I would rather have “a supposedly dogmatic or seemingly arrogant coach” that believes in his methods and has a working plan built over months or years to succeed than one that “a faked humble demenour and is a YES man” – Nigerians should let Siasia resume the job of the national team coach along with others with him that have played for Nigeria and won trophies for the nation as players and as coaches; and please, this is not about his 5-4 victory this morning; and it is not about anything that would eventually happen during this Olympics, it is about what is okay, right, and actually “affordable for Nigeria.”
Siasia is also the most qualified of all the Nigerian Coaches [we must stop using the phrase local coaches; it is actually used too often in a demeaning way] we have at the moment who has spent the most times combined around working for and with our national teams; he has built a long track record of consistently rebuilding young teams; always manages to pull out unknown names that end up doing well; and gets to always have the players working for him; and being able to have Mikel lead this Olympic team – a player he had “a famous bout” with when he was Super Eagles Coach would also show some newer level of maturity and composure for him; and it almost feels like an insult to all of our collective mentalities that “he is currently being overlooked by NFF for this job.” Who else would do a better job at this moment than this same guy who has also experienced the “dramas with the Glass House” more often than not yet has managed to his keep his cool at it?

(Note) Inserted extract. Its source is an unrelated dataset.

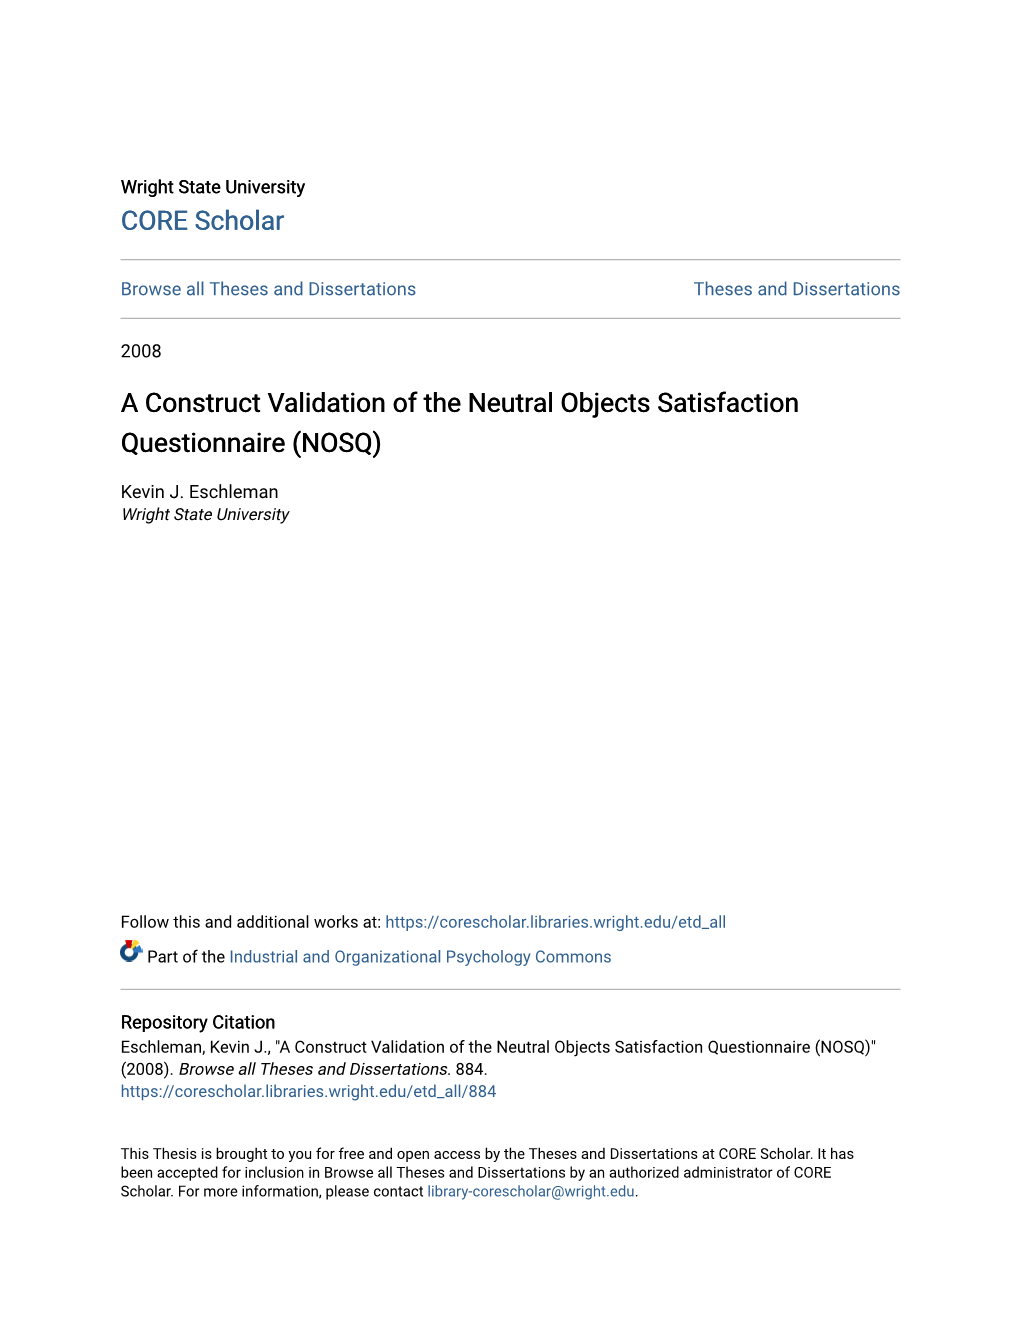 A Construct Validation of the Neutral Objects Satisfaction Questionnaire (NOSQ)

Yes, I did make a call for Oliseh in the past, as I supported the late Keshi when others didn’t give him a chance – that’s how life goes – no one coach would stay in the job forever irrespective of their successes, we must also design a consistent pool of coaches to pick from that have understudied others on the job; that can come in to take over from others from time to time without us being forced to gallivant all over the world for months in search of “managers the nation cannot afford.”
Let’s make Nigerian Football great again.